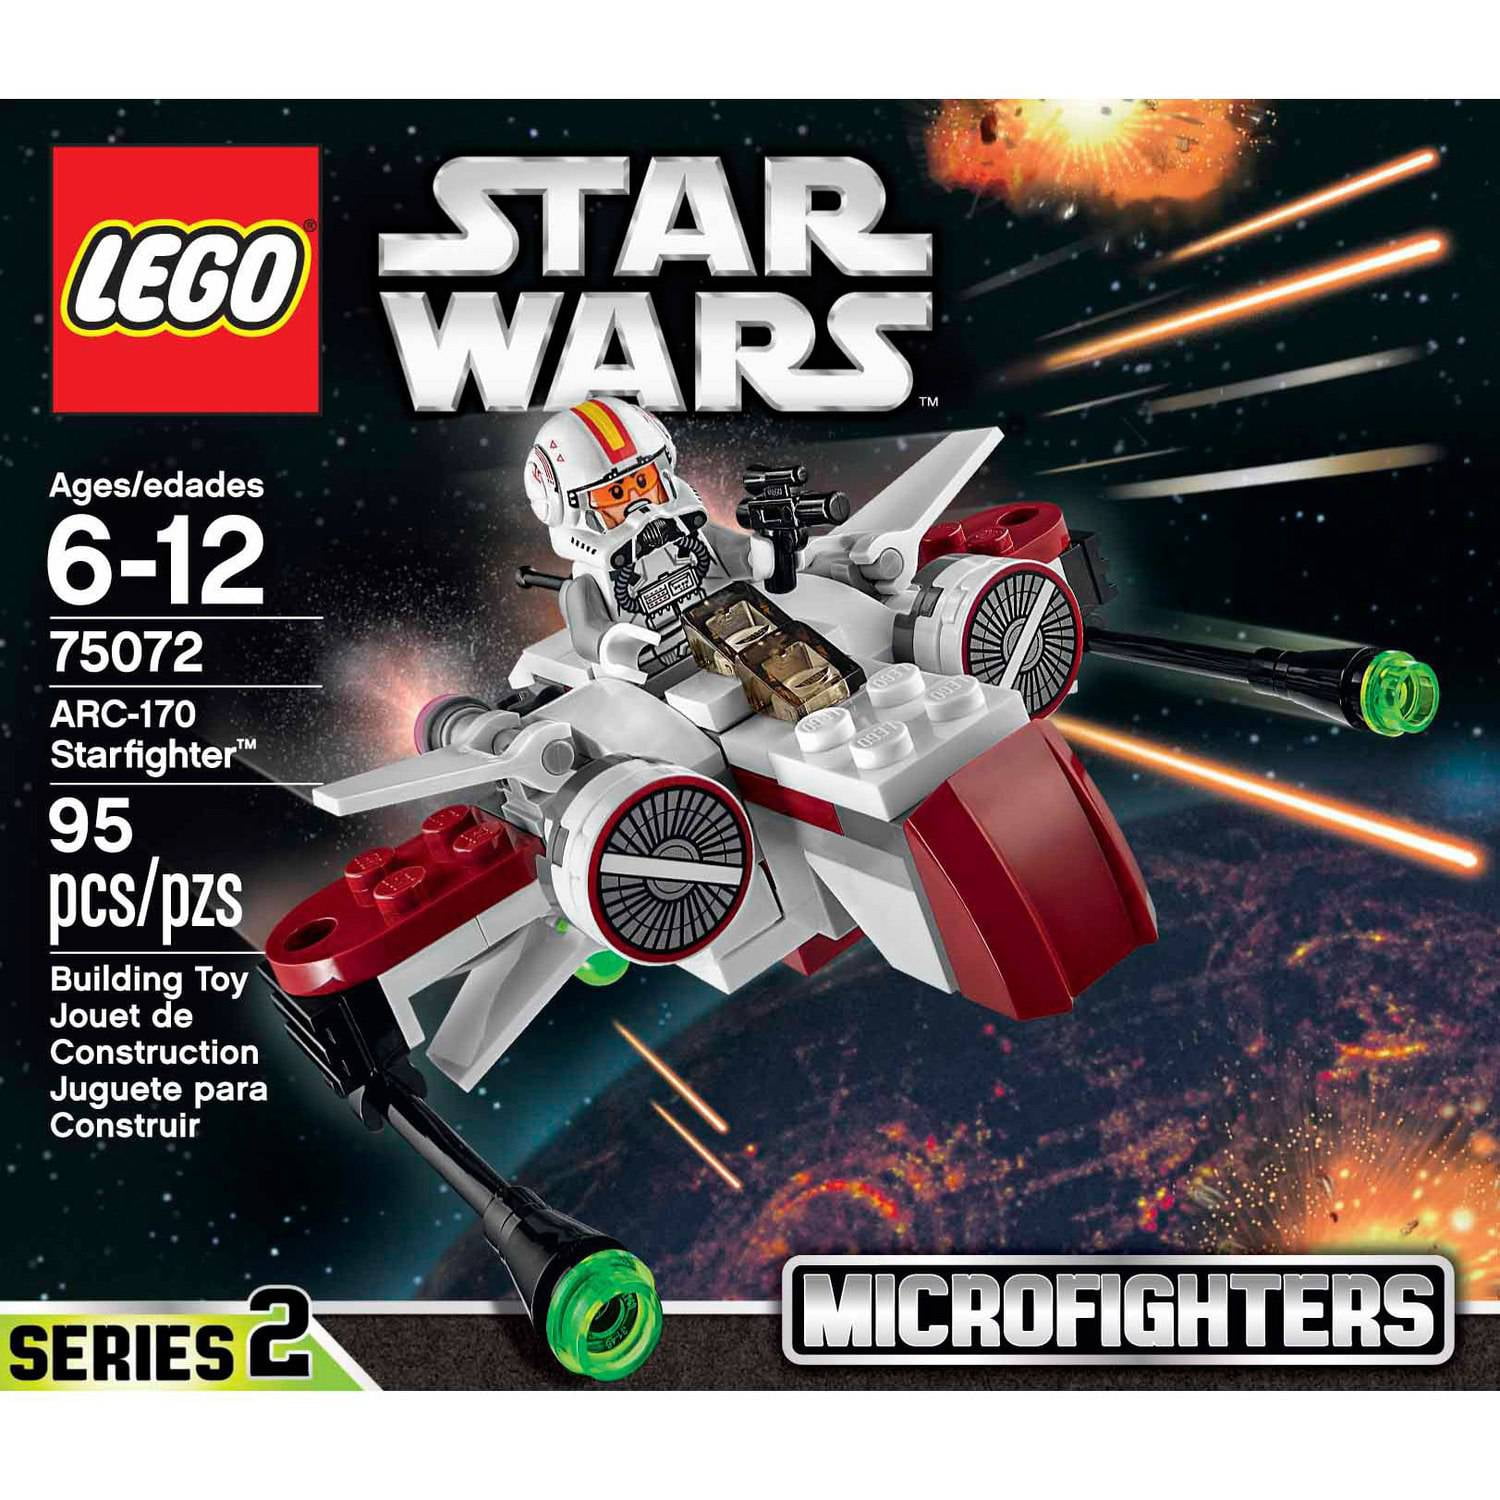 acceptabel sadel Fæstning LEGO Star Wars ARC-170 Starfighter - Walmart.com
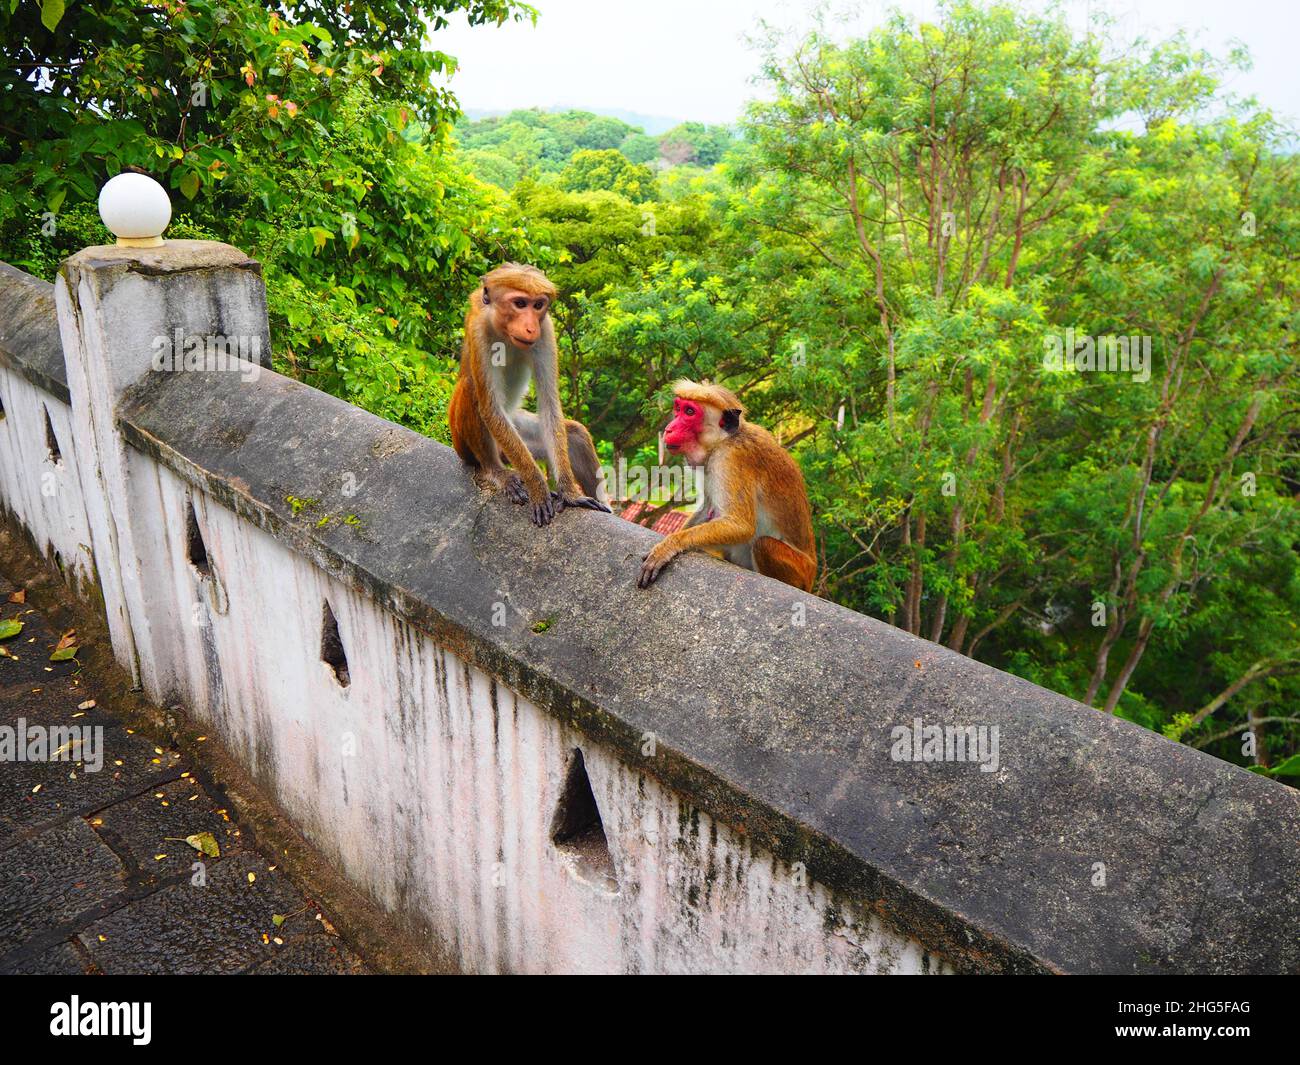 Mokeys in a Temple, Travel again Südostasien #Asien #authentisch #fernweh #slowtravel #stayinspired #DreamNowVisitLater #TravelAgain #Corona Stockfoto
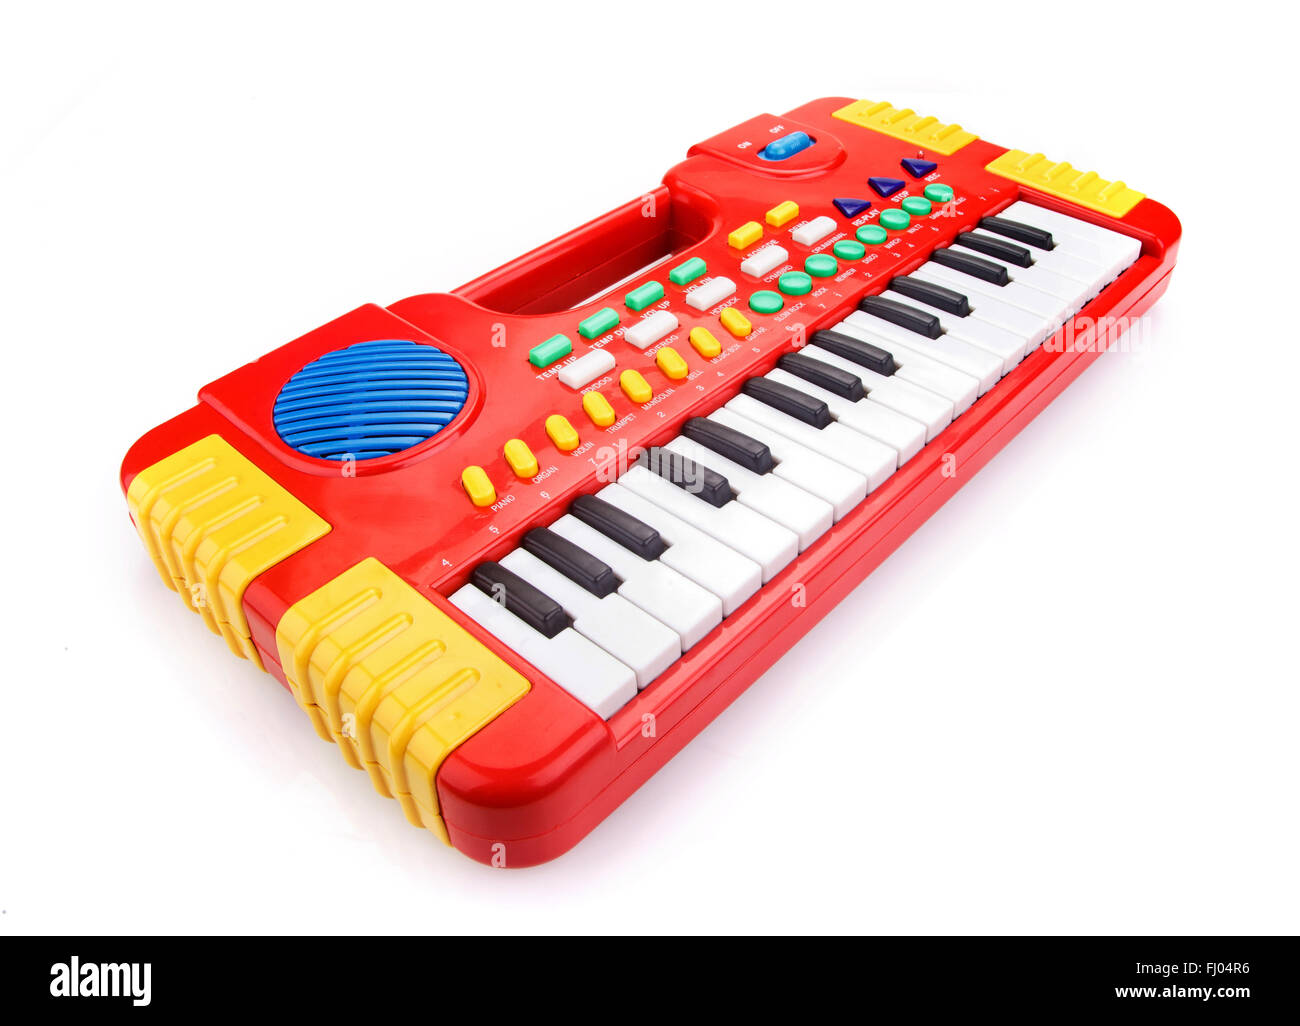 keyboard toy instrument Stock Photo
====
Your copy should hold only the lines from the one containing "Mokeys in a" through the last line of the listing, both included, retyped exactly and free of pictures.

 Mokeys in a Temple, Travel again Südostasien #Asien #authentisch #fernweh #slowtravel #stayinspired #DreamNowVisitLater #TravelAgain #Corona Stockfoto
 keyboard toy instrument Stock Photo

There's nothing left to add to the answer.